В Городе мусора было много. Старые тряпки, обломки каких-то механизмов, бесформенные комки, в которых Трубадур с удивлением распознал драгоценную бумагу. По обочинам дороги, на самой дороге, между домов и вокруг домов – везде был мусор. Мусор, который никто не убирал. Или, лучше сказать, вещи, которые никто не собирал.

Память предложила слово «дворник». Была, кажется, когда-то такая профессия. Были, наверное, родовые династии, в которых мужчины гордо носили это имя – Дворник, а дети щеголяли наследственными именами – Сын Дворника, Дочь Дворника. И на собрании ремесленных матрон женщины завистливо перешептывались: «Глядите, вон Пятая Жена Дворника идет». Ведь человек с таким звонким именем не мог иметь меньше пяти Жен.

Несомненно, богатые были династии. И сильные. Трубадур даже представить себе не мог, как дорого это стоило, какой для этого нужен был авторитет в поселении – получить исключительное право сбора всех тех вещей, что были оставлены, забыты, потеряны другими людьми. Любой мелочи всегда можно было найти применение, так что бесполезных вещей на равнине не существовало. Каждый обломок, каждый осколок, каждый лоскут шли в дело. Все могло пригодиться в хозяйстве или, в крайнем случае, отправиться на переплавку.

Трубадур подавил желание продолжить дальнейший путь на четвереньках, перебирая мусор и набивая суму удивительными находками. Он заставил себя смотреть по сторонам, а не под ноги. Но все равно то и дело нагибался и резким, вороватым движением подбирал с обочины то нарезной болт, то пустую бутылку, то чуть начатый окурок скрученного листового табака.

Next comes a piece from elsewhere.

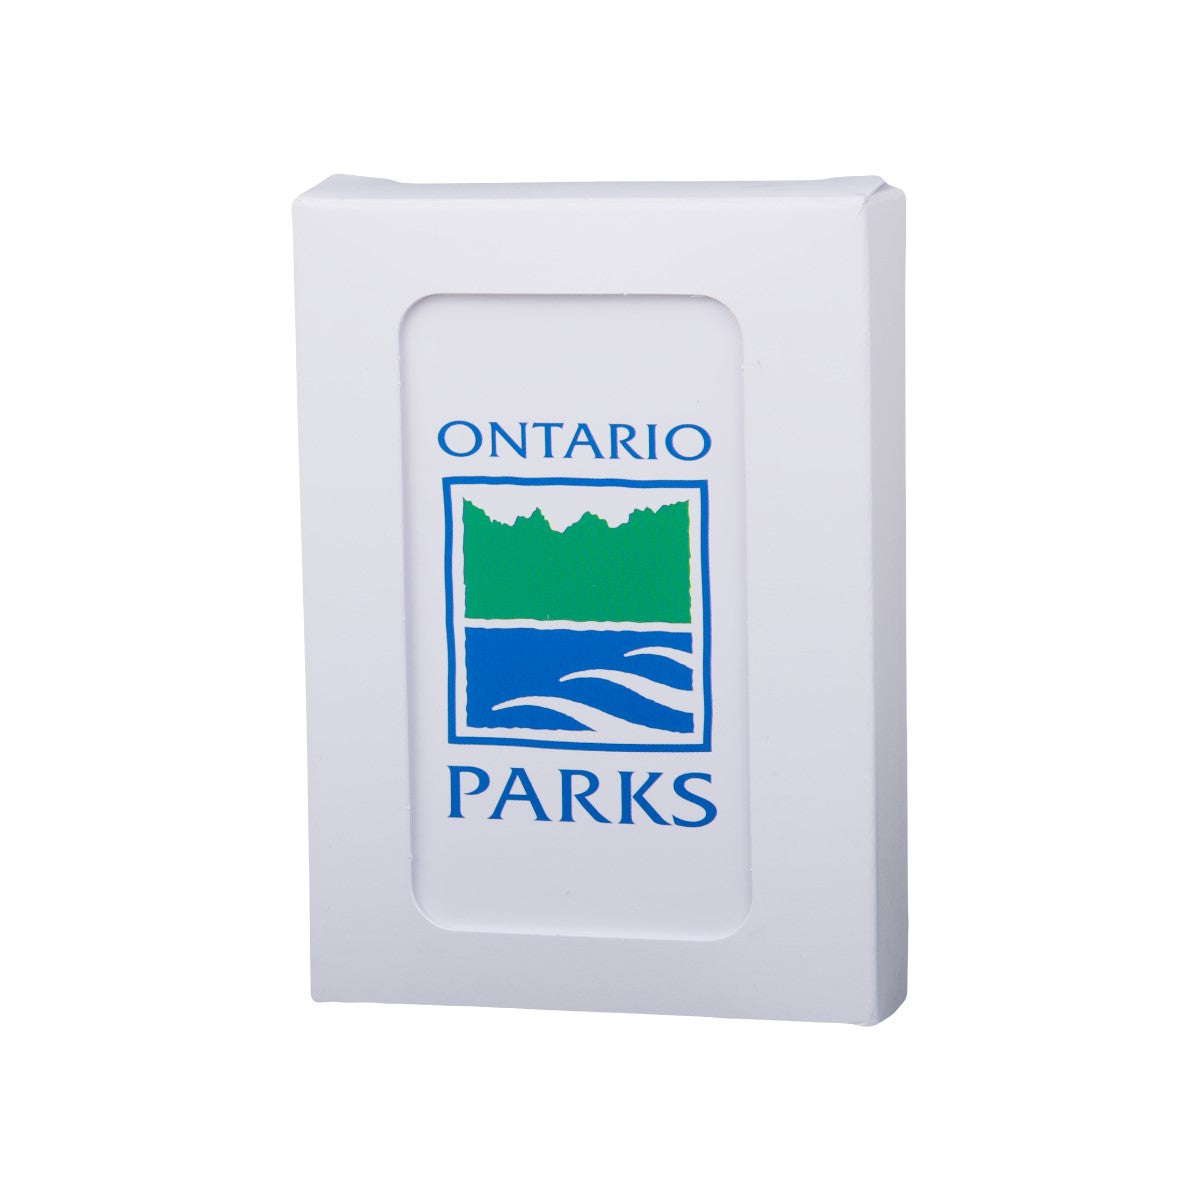 Product image of Ontario Parks Playing Cards on white background. Blue and green Ontario Parks logo in centre of white cards.

Трубадур миновал два квартала и чувствовал уже за плечами основательную тяжесть, но никак не мог оторвать глаз от сокровищ улицы. Нагнувшись на перекрестье улиц за очередной находкой, он услышал над головой строгий женский голос:

– А если я сейчас позову стражу?

Женщина была взрослой, но не старой. Трудно было определить возраст. На равнине женщины рано становились Женами, старались не мешкая подарить своему поселку ребенка (редко – двух, еще реже – трех) и быстро теряли свежесть. Так устроен этот мир, так назначила сама Природа: у каждого своя высокая роль в извечной борьбе за выживание. Готовность и желание женщины к продолжению рода делает ее манящей, привлекательной для мужчины. Успеть нужно всего за несколько лет, пока суровая жизнь равнины не отняла здоровье у женщины, а значит, не лишила здоровья ее будущих детей.

Исполнив миссию деторождения, женщина-любовница становится женщиной-матерью. Ей незачем больше вызывать мужское желание, наоборот, это мешает материнскому предназначению, отнимает время, отвлекает женщину от воспитания потомков-наследников. Свежесть лица, гибкость тела, упругость форм – все это уходит в тот момент, когда Природа говорит женщине, что пора обратить внимание на другую сторону предназначения. Так увядает цветок, который уже опылили пчелы. В растении еще много жизненной силы, но направить ее нужно теперь не на цветение, а на созревание плода. Теперь пчел нужно не призывать, а отпугивать. Таков цикл, таковы законы Природы.

А мужчины, чье семя с годами становится только крепче, вынуждены направлять свои желания в другую сторону. В угоду требованиям Природы человеческое общество изобрело одну из самых трогательных, самых сложных профессий. Человечество изобрело Шлюх.

Некогда самых красивых, самых выносливых девушек отбирали для высшего предназначения – служить общими женами в храмах древних богов. Даже Трубадур, мастер слова, знаток человеческих душ, не мог в полной мере представить себе, какую душевную стойкость должны были иметь эти святые женщины, нарушающие в высоком служении своем фундаментальные законы Природы. Отказываясь от деторождения, от материнства, от естественного цикла ролей, жрицы как бы застывали в потоке времени, им нельзя было спокойно стареть. Наоборот, их профессия требовала долго не увядающей свежести, им предназначено было непрестанно вызывать мужское желание, улыбаясь, сохраняя бодрость духа и тела, радуя каждого.